Does this mean a return to the days of “Lemonade Lucy,” the posthumous nickname given to the wife of Rutherford B. Hayes, the 19th U.S. president, who banned alcohol from the White House?

No, said Cabinet members from Romney’s gubernatorial era and a current top aide. They said this health-related observance is not one the Romneys would impose on or expect of others.

“As governor, when Mitt Romney entertained at official functions in the evening, alcohol was served along with soft beverages,” said a senior aide who asked not to be identified in stories about religion.

“There was always a healthy cup of coffee for anyone who wanted it,” said Renee Fry, a former Cabinet member.

“Cabinet dinner gatherings were not dry,” wrote Douglas Foy, who also served in Governor Romney’s Cabinet. “Although the governor and his wife did not partake – which the governor often joked about, since he sponsored the gatherings and paid for the wine!”

Storing – and refraining from – food

The LDS Church advises its members to store enough food to feed a family for a year.

Food storage is viewed as a practical measure, one that can come in handy during, say, a crippling superstorm, massive power outages or unforeseen financial hardships.

The practice is rooted in Mormon history. The church’s early pioneers, on their trek westward to what is now Utah, experienced great suffering and starvation. They also endured their share of persecution and couldn’t rely on the help of others. So having resources squirreled away became a collective comfort.

Any chance that the Romneys would institute White House food storage?

Not because they would need it for themselves or likely anyone else at the White House, but Riess said in these uncertain times, it could be a good lesson in preparedness to showcase to the nation.

“I wouldn’t be surprised to see that,” she said.

Mitt Romney gathers donations in the wake of Superstorm Sandy.

Even if a family storing it doesn’t need the food, by having it available that family is poised to help others. Serving those less fortunate or in crisis is big in the LDS Church, and it is a part of another practice that may find its way into the White House if the Romneys move in.

The first Sunday of every month is Fast Sunday, when committed Mormons who are able forgo food and drink for about 24 hours. Coupled with prayer, it has spiritual meaning. It also serves to instill compassion for those who are in need, and to that end Mormons are encouraged to minimally donate what they would have spent on food to the church’s welfare fund.

Fast Sunday, or calls to fast at other times, can also bind Mormons together when they pray and fast for a common cause.

A Utah woman created buzz earlier this fall when an e-mail she sent out to friends and family, suggesting they fast to help Romney before the debates, began making the rounds in Mormon circles across the country. A new website, romneyfast.org, also the brainchild of private citizens – and not a church-sanctioned effort – asks people to fast and pray for Romney and his wife Ann this Sunday before America goes to the polls.
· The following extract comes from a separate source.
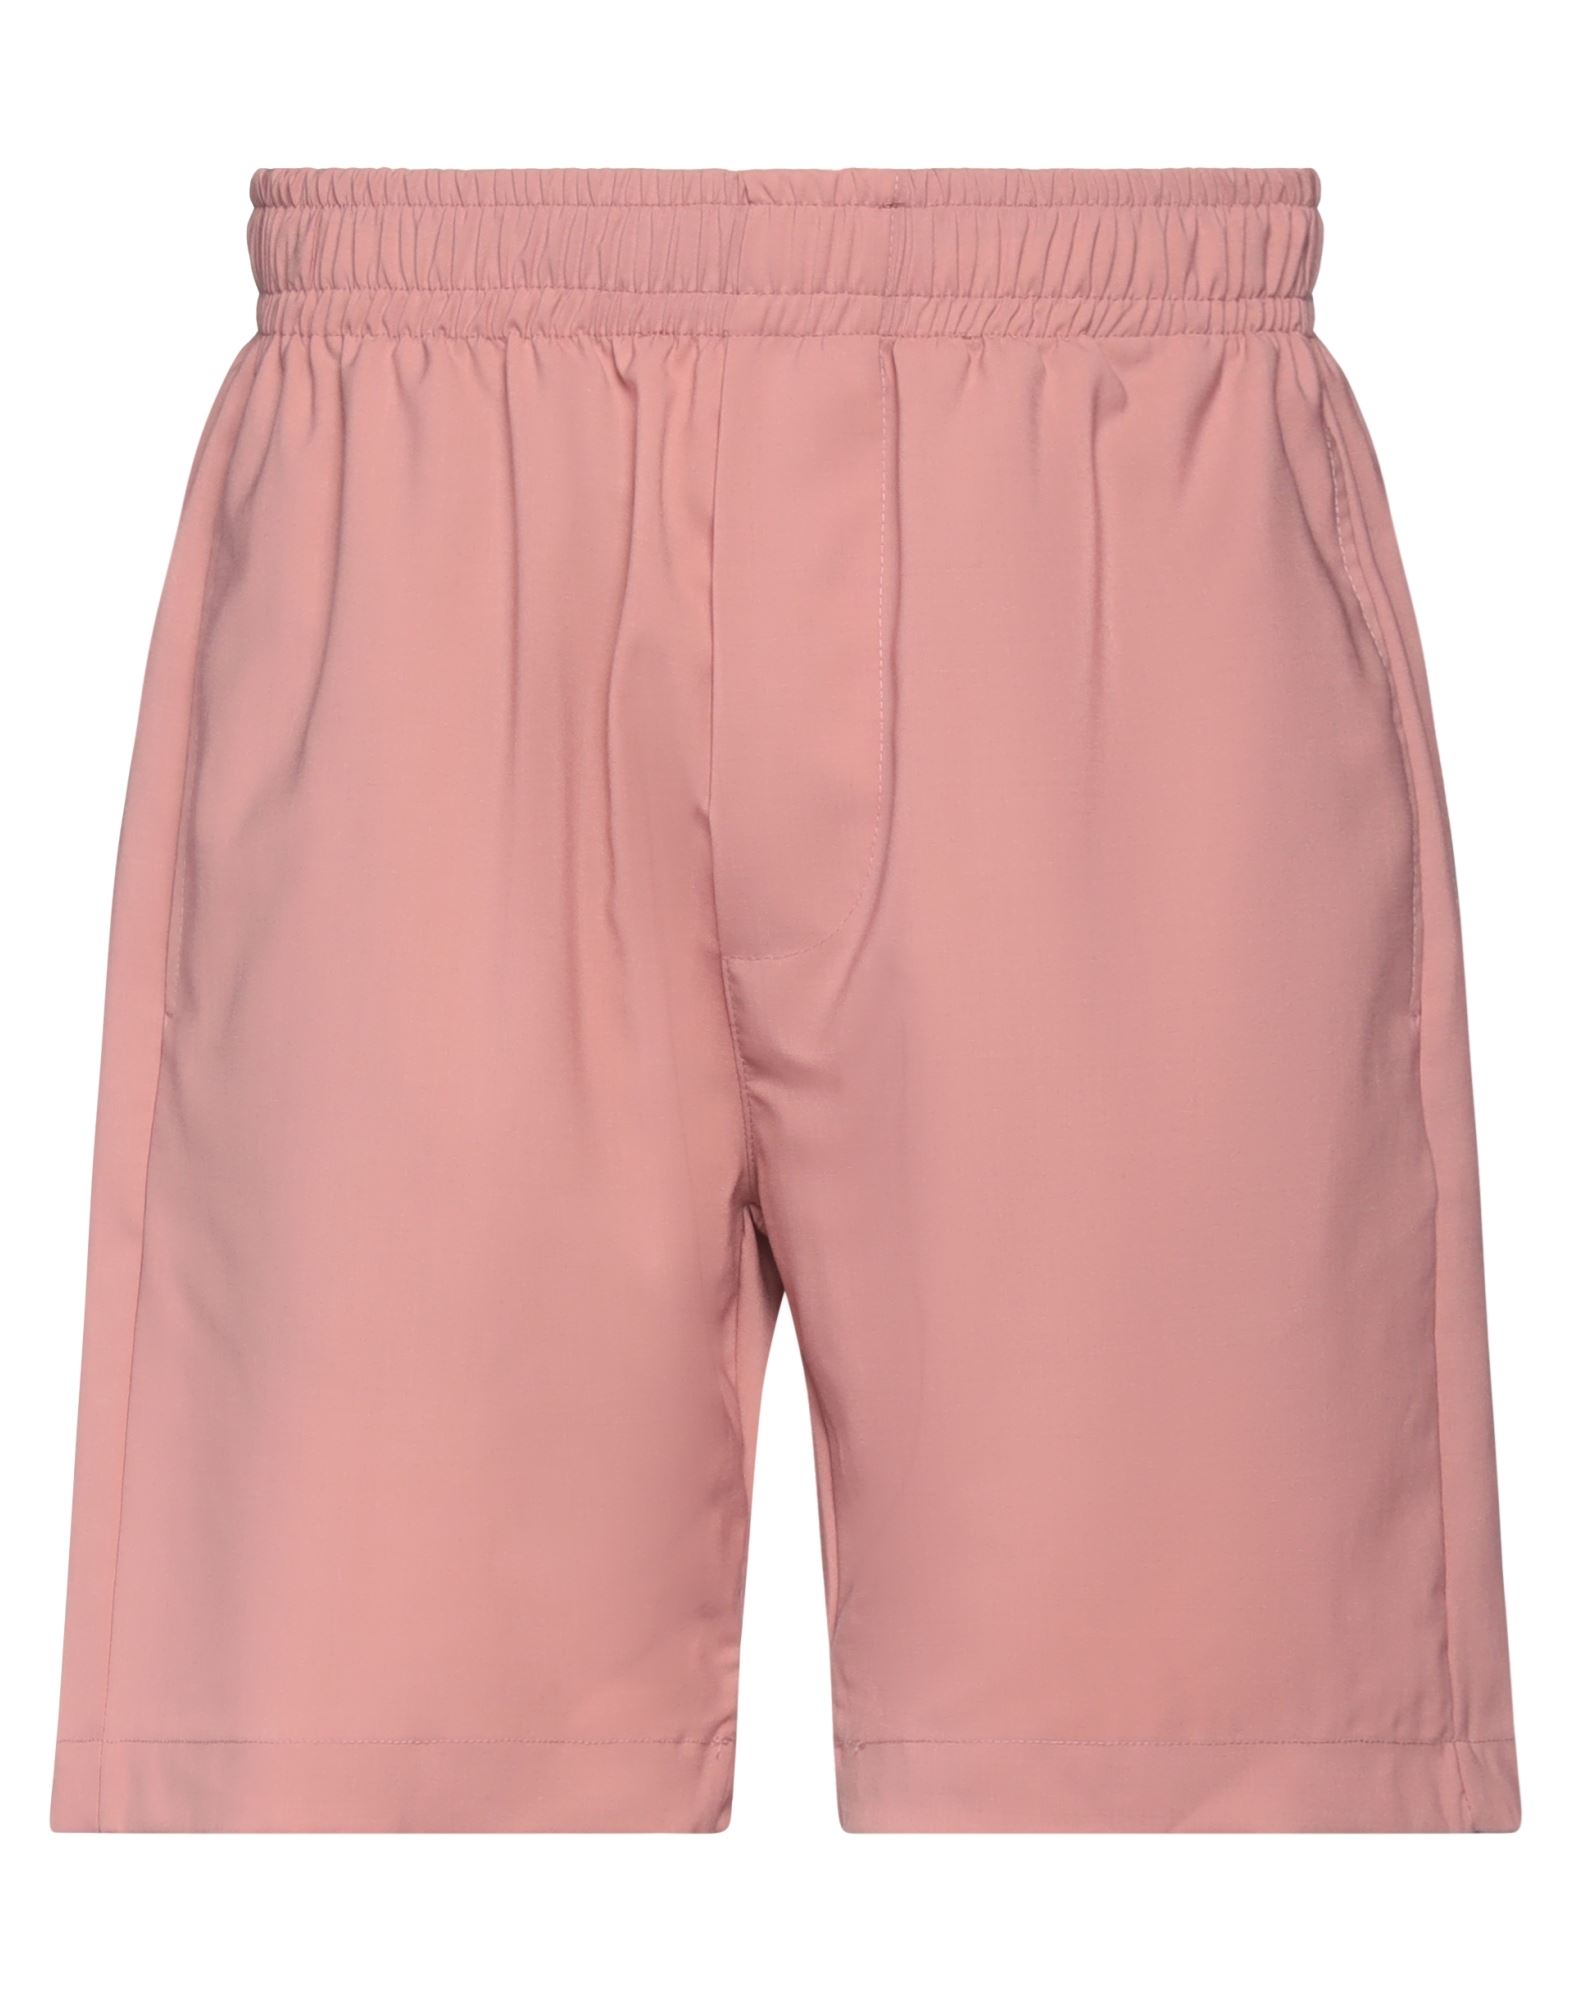 Yes London Man Shorts & Bermuda Shorts Pink Size Xl Virgin Wool, Polyester, Elastane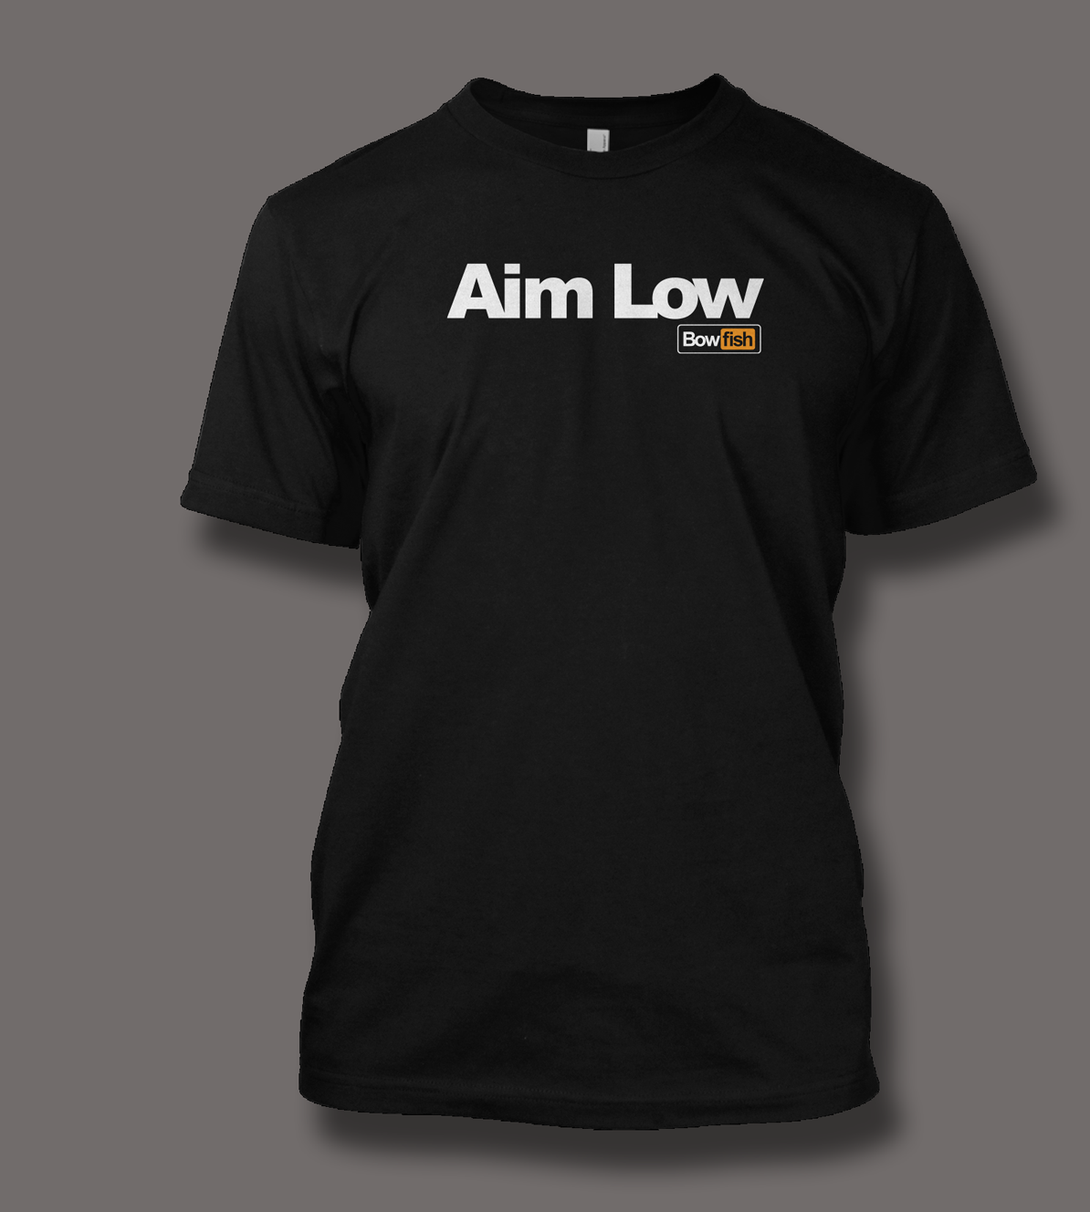 Aim Low - ShirtGuys.com

When he was governor of Massachusetts, and in general, Mitt and Ann Romney observed Fast Sunday and “always contributed very generously to the fast offering fund,” said Bennett, who held church leadership roles with Romney in the Boston area.

What’s more, Bennett said that when Romney served as their congregation's bishop – the equivalent of an unpaid pastor – it wasn’t uncommon for the two friends to fast more than once a month. At the time, Bennett was one of Romney's two counselors, or advisers.

“Occasionally he would invite me and the other counselor to join him in fasting on a weekday for a specific purpose,” Bennett wrote in an e-mail. “For example, one purpose would be to seek inspiration regarding an important decision, another purpose would be to express love, support and solidarity to someone who was ill or going through very difficult times.”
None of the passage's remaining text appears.